[Work item]:
The required output is the exact run of lines below that opens at the line with "HP 45 51645AE,Cartucho" and closes at the line with "night city wallpaper wallpapersafari".

Source records:

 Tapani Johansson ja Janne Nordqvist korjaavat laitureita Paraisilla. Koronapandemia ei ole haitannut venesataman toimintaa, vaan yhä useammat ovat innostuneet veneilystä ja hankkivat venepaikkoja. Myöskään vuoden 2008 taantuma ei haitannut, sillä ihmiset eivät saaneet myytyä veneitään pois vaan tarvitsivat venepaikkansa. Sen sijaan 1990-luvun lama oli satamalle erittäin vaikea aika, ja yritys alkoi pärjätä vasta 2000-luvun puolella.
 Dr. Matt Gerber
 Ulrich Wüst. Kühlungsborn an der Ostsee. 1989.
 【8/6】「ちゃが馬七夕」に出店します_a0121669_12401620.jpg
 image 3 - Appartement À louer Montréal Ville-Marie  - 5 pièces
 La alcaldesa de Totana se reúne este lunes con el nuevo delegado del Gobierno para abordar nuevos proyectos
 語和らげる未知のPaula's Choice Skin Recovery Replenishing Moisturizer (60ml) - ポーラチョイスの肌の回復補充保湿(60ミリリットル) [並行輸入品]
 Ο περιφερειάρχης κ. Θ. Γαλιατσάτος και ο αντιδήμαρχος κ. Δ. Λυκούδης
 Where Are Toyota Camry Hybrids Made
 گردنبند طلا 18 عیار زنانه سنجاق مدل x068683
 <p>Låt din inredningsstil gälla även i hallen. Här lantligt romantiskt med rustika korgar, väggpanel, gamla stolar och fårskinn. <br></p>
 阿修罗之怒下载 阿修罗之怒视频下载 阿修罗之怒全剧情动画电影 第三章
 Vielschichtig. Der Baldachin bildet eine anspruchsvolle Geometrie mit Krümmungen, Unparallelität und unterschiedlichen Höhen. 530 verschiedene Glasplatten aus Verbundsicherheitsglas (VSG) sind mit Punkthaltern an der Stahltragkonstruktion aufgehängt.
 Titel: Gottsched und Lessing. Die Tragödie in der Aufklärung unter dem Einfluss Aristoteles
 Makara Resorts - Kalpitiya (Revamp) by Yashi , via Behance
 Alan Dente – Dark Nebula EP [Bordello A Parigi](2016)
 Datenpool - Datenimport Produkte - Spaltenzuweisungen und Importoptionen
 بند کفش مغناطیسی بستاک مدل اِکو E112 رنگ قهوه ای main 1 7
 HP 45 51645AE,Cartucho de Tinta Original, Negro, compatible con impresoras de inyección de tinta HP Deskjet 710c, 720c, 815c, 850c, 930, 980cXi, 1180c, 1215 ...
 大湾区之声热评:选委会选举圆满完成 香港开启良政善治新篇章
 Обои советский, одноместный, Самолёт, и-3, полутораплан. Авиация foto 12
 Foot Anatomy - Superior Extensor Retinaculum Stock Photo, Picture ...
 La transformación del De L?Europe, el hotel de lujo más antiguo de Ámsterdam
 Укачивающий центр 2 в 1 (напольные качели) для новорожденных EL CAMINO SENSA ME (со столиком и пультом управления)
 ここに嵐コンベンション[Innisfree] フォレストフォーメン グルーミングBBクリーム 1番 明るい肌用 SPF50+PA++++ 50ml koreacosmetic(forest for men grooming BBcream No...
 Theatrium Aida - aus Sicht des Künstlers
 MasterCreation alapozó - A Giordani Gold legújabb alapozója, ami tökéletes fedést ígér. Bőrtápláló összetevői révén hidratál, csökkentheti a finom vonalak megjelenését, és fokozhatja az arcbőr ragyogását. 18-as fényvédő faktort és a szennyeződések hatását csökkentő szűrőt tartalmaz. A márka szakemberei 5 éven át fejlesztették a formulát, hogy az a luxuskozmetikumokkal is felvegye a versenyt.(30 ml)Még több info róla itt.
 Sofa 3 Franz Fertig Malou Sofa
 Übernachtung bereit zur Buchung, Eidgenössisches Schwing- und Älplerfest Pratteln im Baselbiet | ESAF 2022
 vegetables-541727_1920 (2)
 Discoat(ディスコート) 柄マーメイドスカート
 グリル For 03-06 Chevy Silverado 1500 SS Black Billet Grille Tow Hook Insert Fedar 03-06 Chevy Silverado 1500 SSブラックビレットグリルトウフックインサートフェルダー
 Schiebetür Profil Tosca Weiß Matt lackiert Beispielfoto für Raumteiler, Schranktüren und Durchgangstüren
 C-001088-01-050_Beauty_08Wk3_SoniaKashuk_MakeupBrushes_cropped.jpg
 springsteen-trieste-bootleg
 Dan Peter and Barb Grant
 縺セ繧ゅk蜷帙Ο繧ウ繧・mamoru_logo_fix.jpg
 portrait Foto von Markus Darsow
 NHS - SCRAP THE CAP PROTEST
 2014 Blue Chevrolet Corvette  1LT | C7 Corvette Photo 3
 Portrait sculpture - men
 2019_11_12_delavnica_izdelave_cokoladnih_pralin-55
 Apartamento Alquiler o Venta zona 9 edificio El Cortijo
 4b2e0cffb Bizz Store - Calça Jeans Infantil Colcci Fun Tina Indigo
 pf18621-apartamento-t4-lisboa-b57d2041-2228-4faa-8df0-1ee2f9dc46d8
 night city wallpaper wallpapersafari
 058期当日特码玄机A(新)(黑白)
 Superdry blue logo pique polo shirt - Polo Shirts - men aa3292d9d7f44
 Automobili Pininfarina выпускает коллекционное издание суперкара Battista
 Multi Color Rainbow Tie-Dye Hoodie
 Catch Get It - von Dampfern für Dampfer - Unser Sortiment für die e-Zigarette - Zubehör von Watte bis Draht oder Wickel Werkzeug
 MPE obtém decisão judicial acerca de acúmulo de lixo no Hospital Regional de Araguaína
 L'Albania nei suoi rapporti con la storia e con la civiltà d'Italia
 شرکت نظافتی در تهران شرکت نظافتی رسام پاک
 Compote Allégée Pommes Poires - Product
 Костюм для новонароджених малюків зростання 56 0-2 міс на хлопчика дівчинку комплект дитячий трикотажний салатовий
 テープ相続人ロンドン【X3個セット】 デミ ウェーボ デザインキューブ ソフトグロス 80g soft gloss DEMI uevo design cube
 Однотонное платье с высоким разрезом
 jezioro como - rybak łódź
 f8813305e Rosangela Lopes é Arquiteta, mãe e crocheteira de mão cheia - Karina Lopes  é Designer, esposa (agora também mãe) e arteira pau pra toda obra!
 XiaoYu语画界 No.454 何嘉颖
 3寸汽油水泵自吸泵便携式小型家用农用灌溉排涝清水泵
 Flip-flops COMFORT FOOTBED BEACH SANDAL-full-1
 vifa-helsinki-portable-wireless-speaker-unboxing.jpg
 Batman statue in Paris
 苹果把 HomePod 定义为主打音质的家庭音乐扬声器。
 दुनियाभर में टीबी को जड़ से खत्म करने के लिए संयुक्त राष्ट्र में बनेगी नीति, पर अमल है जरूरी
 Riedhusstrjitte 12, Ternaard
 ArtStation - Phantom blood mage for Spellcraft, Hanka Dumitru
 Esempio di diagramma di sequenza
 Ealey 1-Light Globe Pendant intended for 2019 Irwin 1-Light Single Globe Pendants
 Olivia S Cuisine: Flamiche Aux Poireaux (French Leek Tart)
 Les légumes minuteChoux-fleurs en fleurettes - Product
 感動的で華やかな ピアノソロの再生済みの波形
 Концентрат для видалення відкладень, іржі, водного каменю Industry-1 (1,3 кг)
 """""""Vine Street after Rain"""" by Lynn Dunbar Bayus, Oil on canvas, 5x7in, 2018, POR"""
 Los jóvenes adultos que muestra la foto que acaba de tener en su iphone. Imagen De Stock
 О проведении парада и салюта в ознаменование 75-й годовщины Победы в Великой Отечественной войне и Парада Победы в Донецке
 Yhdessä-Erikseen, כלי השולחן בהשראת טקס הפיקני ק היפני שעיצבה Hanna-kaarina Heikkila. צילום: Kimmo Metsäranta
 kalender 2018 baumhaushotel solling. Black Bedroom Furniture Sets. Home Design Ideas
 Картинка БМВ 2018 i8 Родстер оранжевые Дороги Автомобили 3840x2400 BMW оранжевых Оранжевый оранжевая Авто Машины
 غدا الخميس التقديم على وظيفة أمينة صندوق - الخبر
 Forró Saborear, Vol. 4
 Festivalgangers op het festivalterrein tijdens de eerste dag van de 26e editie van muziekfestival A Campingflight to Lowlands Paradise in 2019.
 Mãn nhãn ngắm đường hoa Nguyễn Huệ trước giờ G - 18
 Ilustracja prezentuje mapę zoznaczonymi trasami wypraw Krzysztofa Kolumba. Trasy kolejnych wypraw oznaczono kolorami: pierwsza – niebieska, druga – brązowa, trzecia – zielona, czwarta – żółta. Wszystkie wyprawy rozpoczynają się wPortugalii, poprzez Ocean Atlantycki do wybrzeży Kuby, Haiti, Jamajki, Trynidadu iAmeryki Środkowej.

[Exercise solution]:
 HP 45 51645AE,Cartucho de Tinta Original, Negro, compatible con impresoras de inyección de tinta HP Deskjet 710c, 720c, 815c, 850c, 930, 980cXi, 1180c, 1215 ...
 大湾区之声热评:选委会选举圆满完成 香港开启良政善治新篇章
 Обои советский, одноместный, Самолёт, и-3, полутораплан. Авиация foto 12
 Foot Anatomy - Superior Extensor Retinaculum Stock Photo, Picture ...
 La transformación del De L?Europe, el hotel de lujo más antiguo de Ámsterdam
 Укачивающий центр 2 в 1 (напольные качели) для новорожденных EL CAMINO SENSA ME (со столиком и пультом управления)
 ここに嵐コンベンション[Innisfree] フォレストフォーメン グルーミングBBクリーム 1番 明るい肌用 SPF50+PA++++ 50ml koreacosmetic(forest for men grooming BBcream No...
 Theatrium Aida - aus Sicht des Künstlers
 MasterCreation alapozó - A Giordani Gold legújabb alapozója, ami tökéletes fedést ígér. Bőrtápláló összetevői révén hidratál, csökkentheti a finom vonalak megjelenését, és fokozhatja az arcbőr ragyogását. 18-as fényvédő faktort és a szennyeződések hatását csökkentő szűrőt tartalmaz. A márka szakemberei 5 éven át fejlesztették a formulát, hogy az a luxuskozmetikumokkal is felvegye a versenyt.(30 ml)Még több info róla itt.
 Sofa 3 Franz Fertig Malou Sofa
 Übernachtung bereit zur Buchung, Eidgenössisches Schwing- und Älplerfest Pratteln im Baselbiet | ESAF 2022
 vegetables-541727_1920 (2)
 Discoat(ディスコート) 柄マーメイドスカート
 グリル For 03-06 Chevy Silverado 1500 SS Black Billet Grille Tow Hook Insert Fedar 03-06 Chevy Silverado 1500 SSブラックビレットグリルトウフックインサートフェルダー
 Schiebetür Profil Tosca Weiß Matt lackiert Beispielfoto für Raumteiler, Schranktüren und Durchgangstüren
 C-001088-01-050_Beauty_08Wk3_SoniaKashuk_MakeupBrushes_cropped.jpg
 springsteen-trieste-bootleg
 Dan Peter and Barb Grant
 縺セ繧ゅk蜷帙Ο繧ウ繧・mamoru_logo_fix.jpg
 portrait Foto von Markus Darsow
 NHS - SCRAP THE CAP PROTEST
 2014 Blue Chevrolet Corvette  1LT | C7 Corvette Photo 3
 Portrait sculpture - men
 2019_11_12_delavnica_izdelave_cokoladnih_pralin-55
 Apartamento Alquiler o Venta zona 9 edificio El Cortijo
 4b2e0cffb Bizz Store - Calça Jeans Infantil Colcci Fun Tina Indigo
 pf18621-apartamento-t4-lisboa-b57d2041-2228-4faa-8df0-1ee2f9dc46d8
 night city wallpaper wallpapersafari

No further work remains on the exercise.